**Available data**.
___
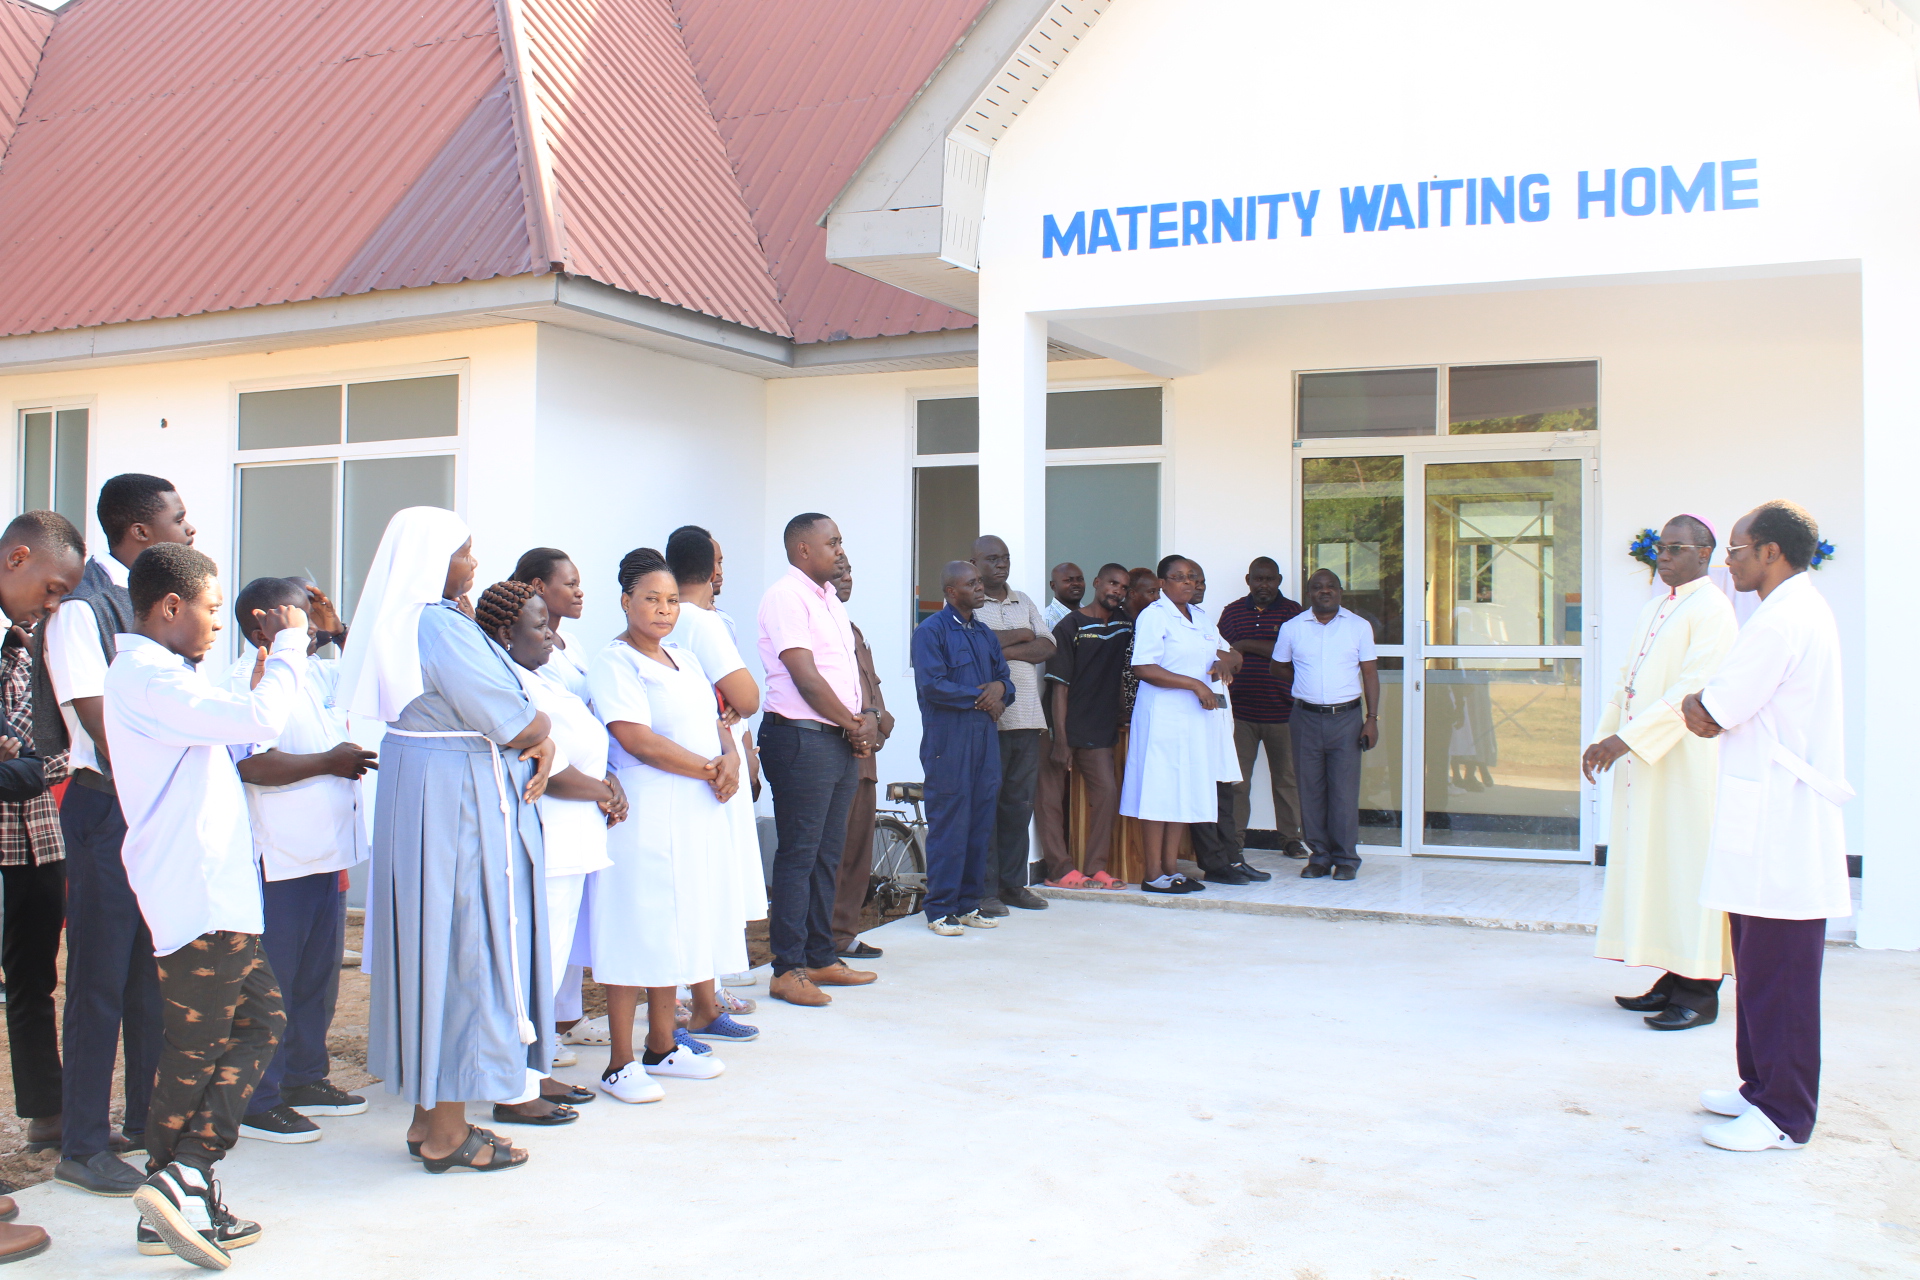 Bishop SALUTARIS MELCHIOR LIBENA open a new building for the maternity waiting home at St Francis regional referral hospital ifakara.
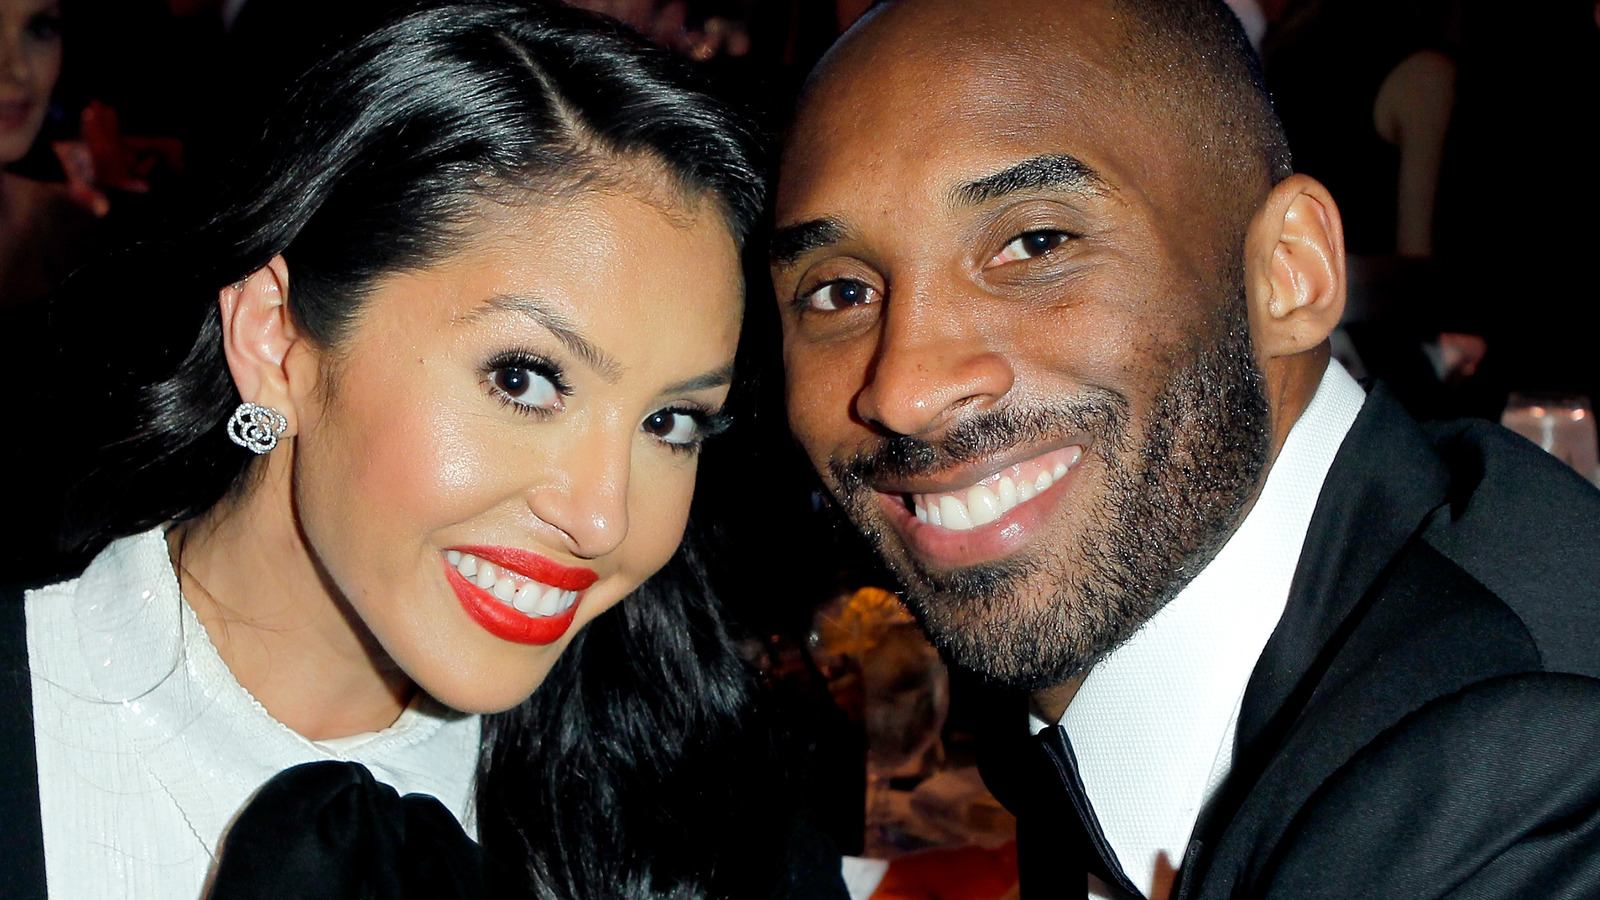 Vanessa Bryant Breaks Down After Witness Recalls Insensitive Joke About Kobe's Remains
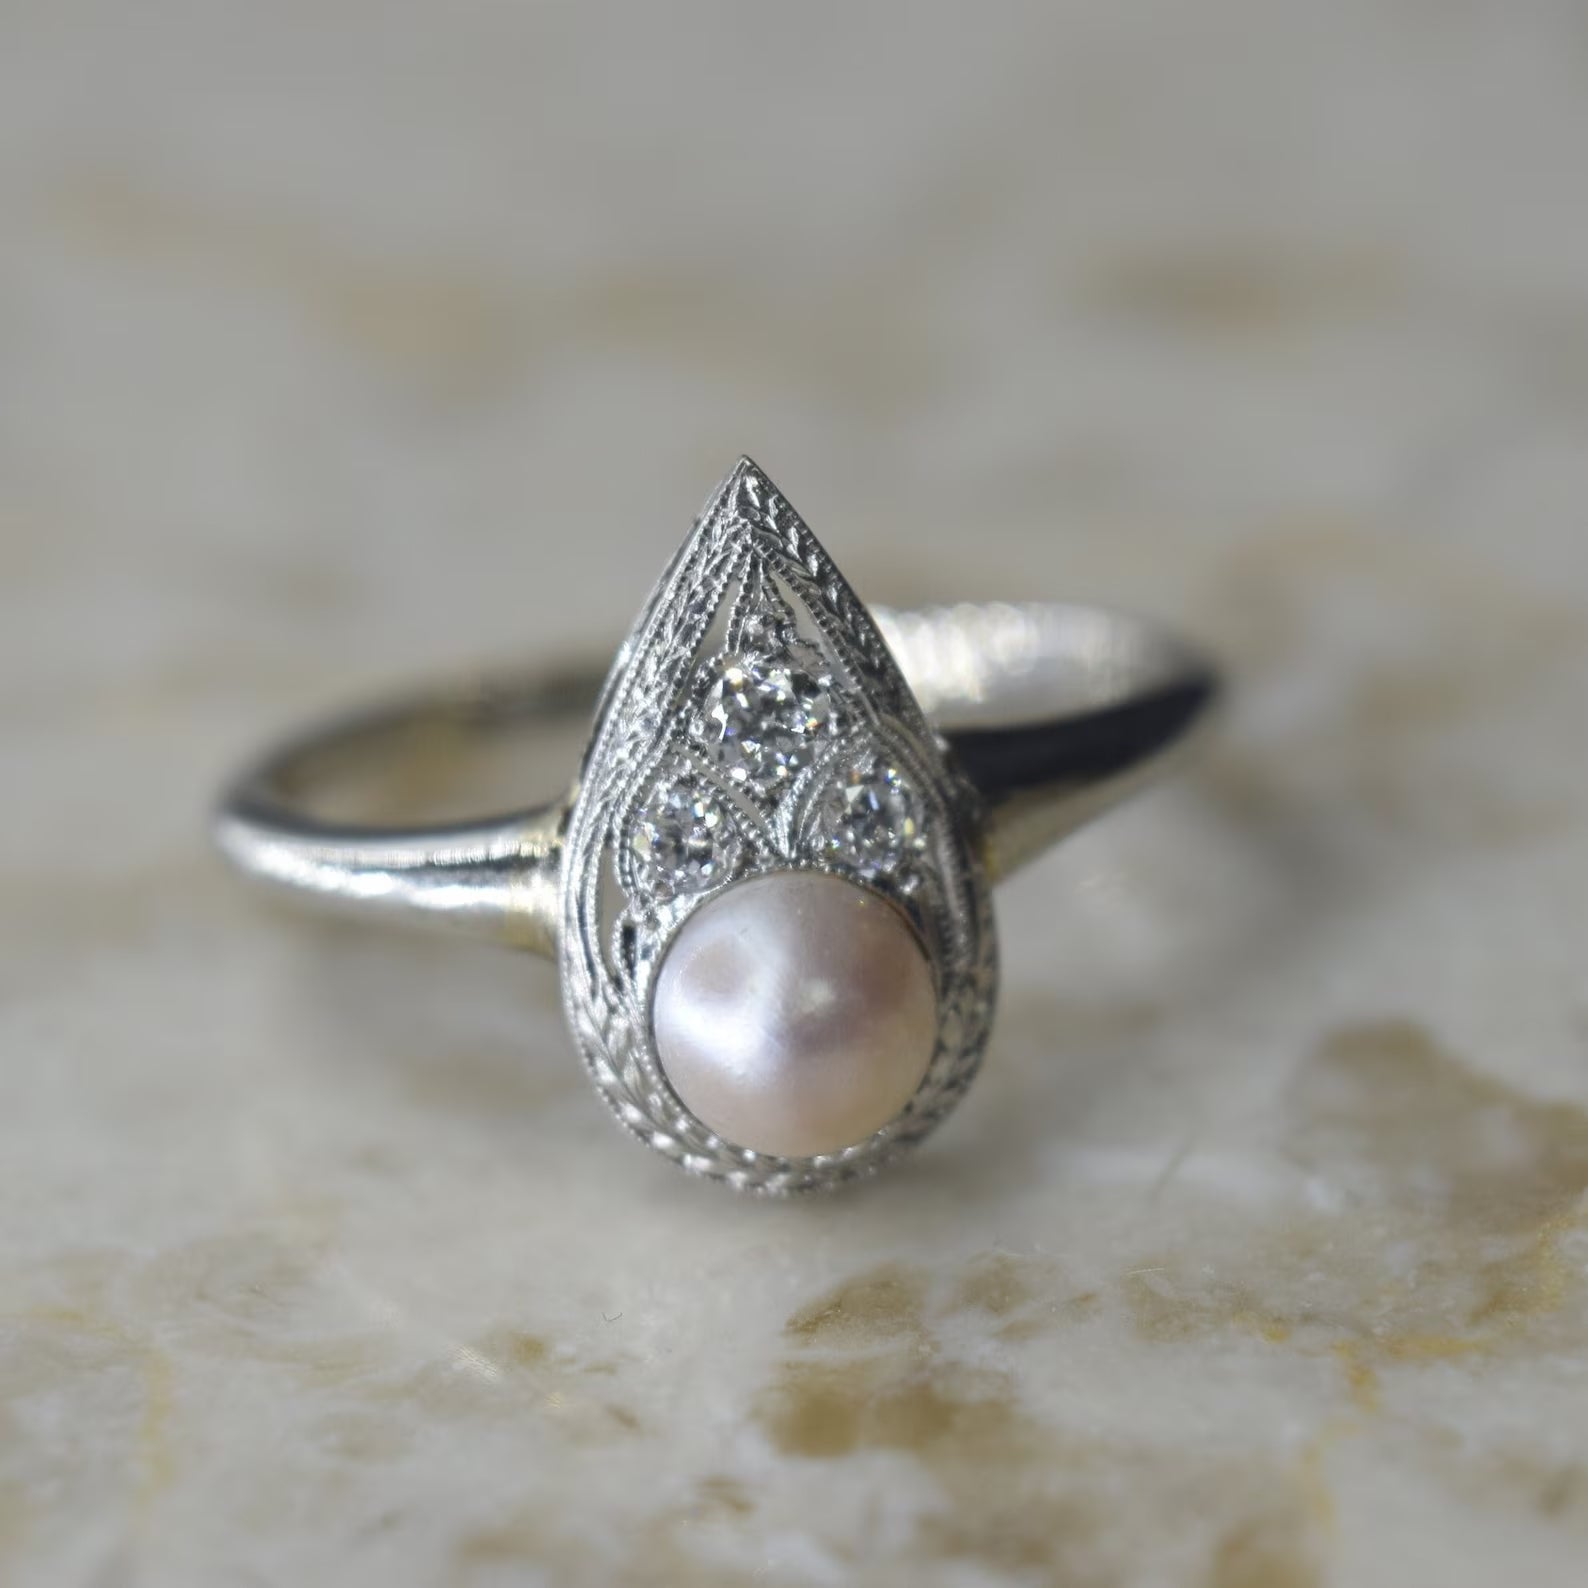 Antique Art Deco 14k White Gold Diamond and Pearl Ring
___
**What needs to be done**. Leave the pictures out and return the rest of the material exactly.

**Expected output**.
 Bishop SALUTARIS MELCHIOR LIBENA open a new building for the maternity waiting home at St Francis regional referral hospital ifakara.
 Vanessa Bryant Breaks Down After Witness Recalls Insensitive Joke About Kobe's Remains
 Antique Art Deco 14k White Gold Diamond and Pearl Ring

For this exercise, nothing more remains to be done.